Today, AI visibility depends on whether AI agents can find, understand, and cite your content. Most of that process is indirect: you publish content, hope crawlers index it, and trust that the AI models interpret it accurately. NLWeb makes the process direct. Your website becomes a queryable API that AI agents can interact with natively, getting authoritative answers straight from the source.
This matters because AI agents are becoming the primary interface between consumers and businesses. When someone asks ChatGPT "find me beach resorts in Thailand with kid-friendly activities" or "which project management tool has the best free tier," the answer increasingly comes from AI agents querying structured data — not from traditional search result pages.
The businesses that expose their data through protocols like NLWeb will have a structural advantage: AI agents can query them directly, get authoritative answers, and cite them with confidence. The businesses that do not will depend entirely on third-party interpretations of their content — interpretations they cannot control and may not even know are happening.
Right now, the foundation for NLWeb readiness is strong structured data and clear, AI-readable content. You can see how well AI agents currently discover and cite your website with a free AI readiness scan — it takes 30 seconds and requires no signup. For the complete picture, SwingIntel's AI Readiness Audit delivers expert research across 9 AI platforms, covering structured data quality, citation testing, and the technical discoverability signals that protocols like NLWeb will rely on.
Frequently Asked Questions
What is NLWeb in simple terms?
NLWeb (Natural Language Web) is an open protocol from Microsoft that allows websites to answer natural language questions from both AI agents and human users. Instead of AI crawlers scraping your pages and guessing what the content means, NLWeb lets your site serve structured, authoritative answers directly through a standardised API endpoint.
How is NLWeb different from llms.txt?
llms.txt is a static Markdown file that AI crawlers read passively during training or retrieval. NLWeb is an interactive protocol — AI agents send natural language queries, and your site responds with real-time, structured answers. They are complementary: llms.txt helps AI systems learn about your site, while NLWeb lets them query it live.
Do I need Schema.org markup for NLWeb to work?
NLWeb is designed to consume the structured data your site already publishes, primarily Schema.org JSON-LD markup. While it can also work with RSS feeds and JSONL data, having robust Schema.org markup gives NLWeb the richest data to work with. If your site lacks structured data, implementing it benefits both traditional search rankings and NLWeb readiness simultaneously.

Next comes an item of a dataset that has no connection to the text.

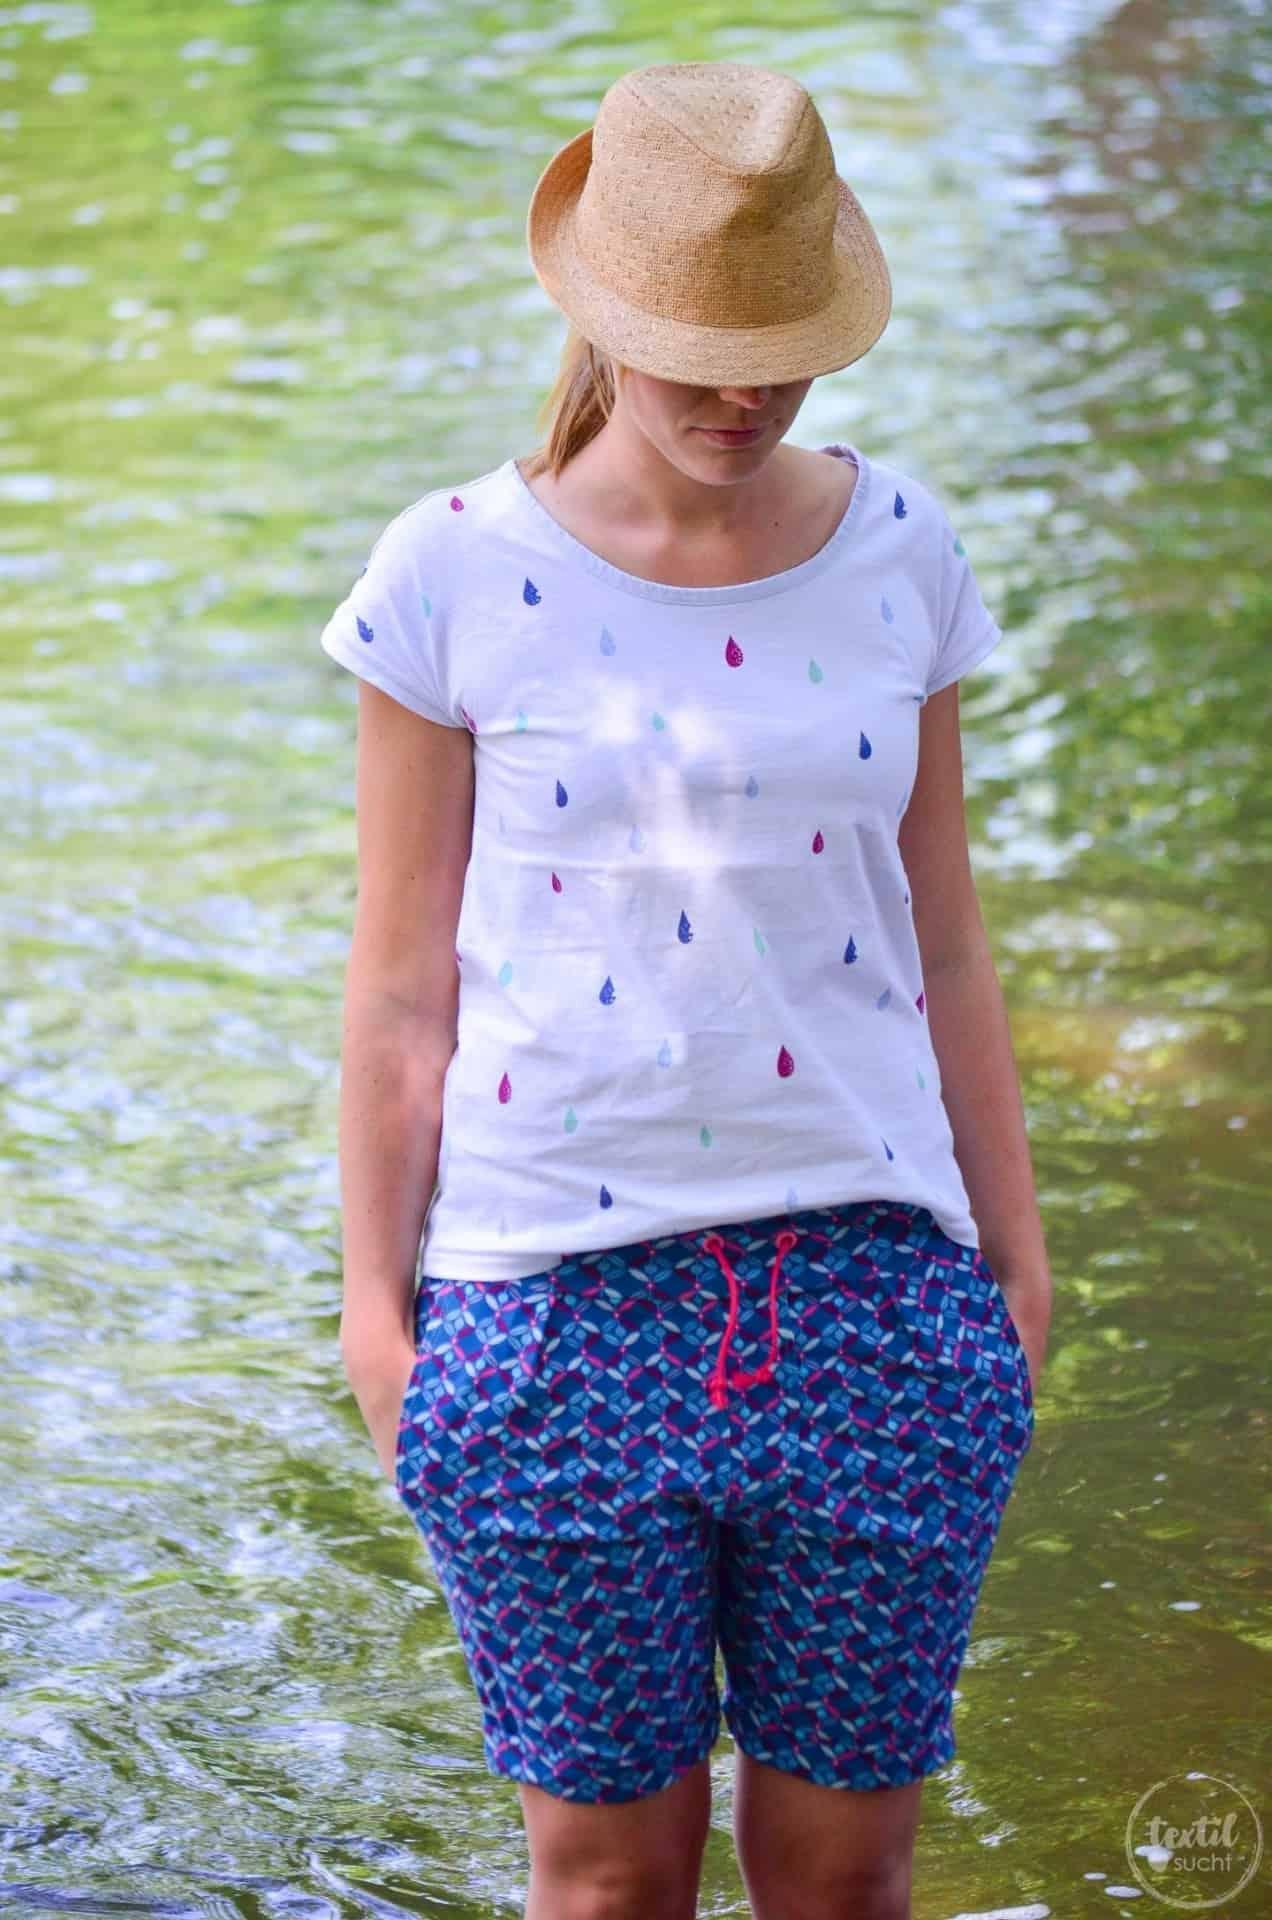 Nähen für den Sommerurlaub: Velara Shorts aus Jersey - Bild 1 | textilsucht.de
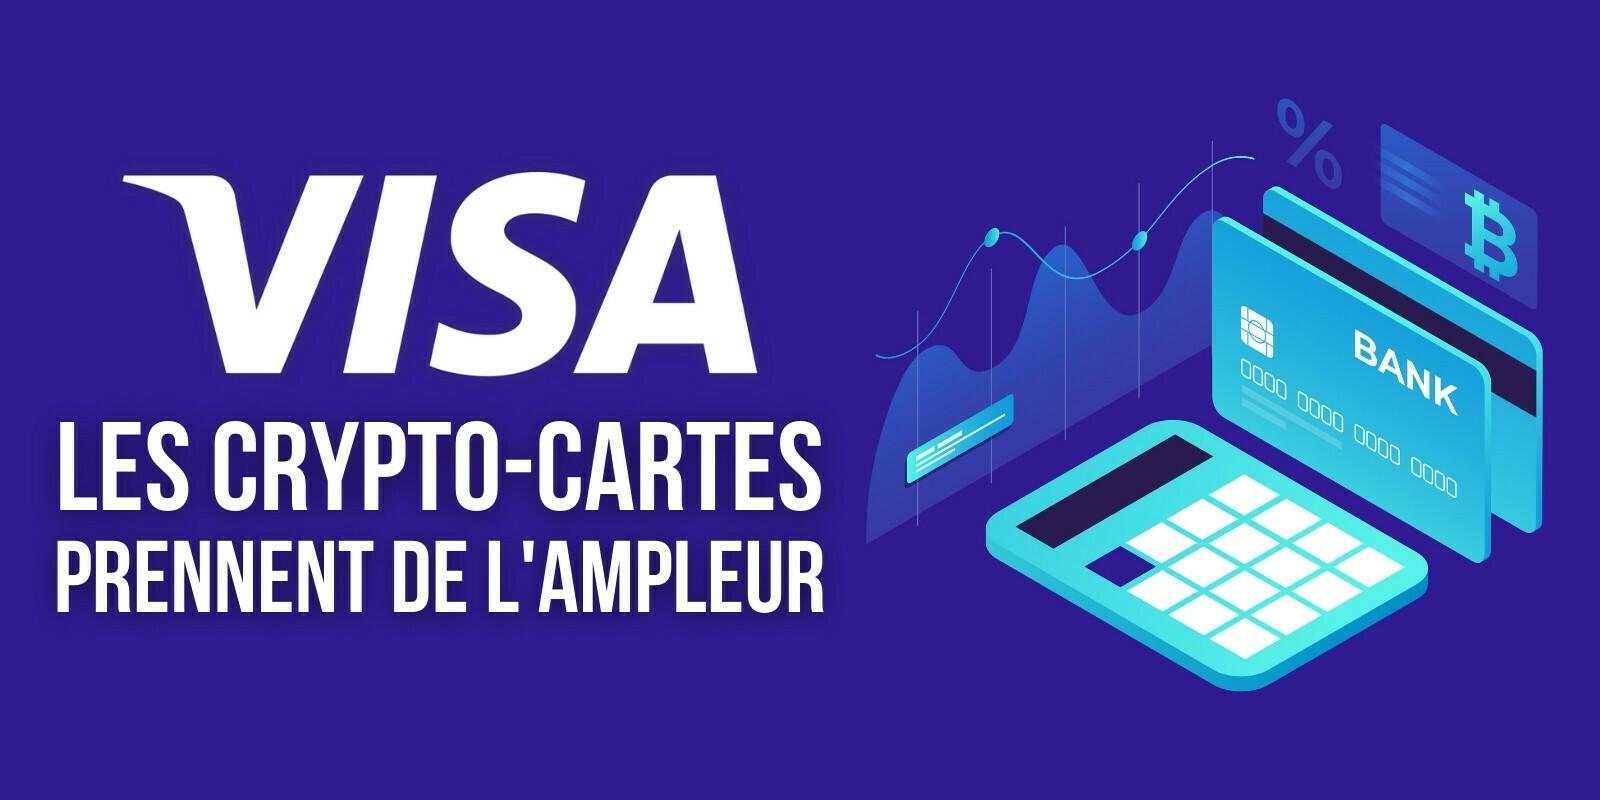 La course aux cryptomonnaies continue pour Visa et ses crypto-cartes

Is NLWeb ready for production use?
NLWeb is open source with production-quality reference implementations in Python and .NET 9. Twelve organisations — including Eventbrite, Shopify, and Tripadvisor — are already building on the protocol. While adoption is still early, the protocol is mature enough for forward-looking businesses to evaluate and pilot today.
Who should care about NLWeb?
Any business that relies on digital discovery should pay attention. NLWeb is particularly relevant for sites with structured content — e-commerce catalogues, event listings, recipe collections, business directories, and media archives. If AI agents are becoming a discovery channel for your customers, NLWeb offers a way to serve them directly rather than relying on intermediaries.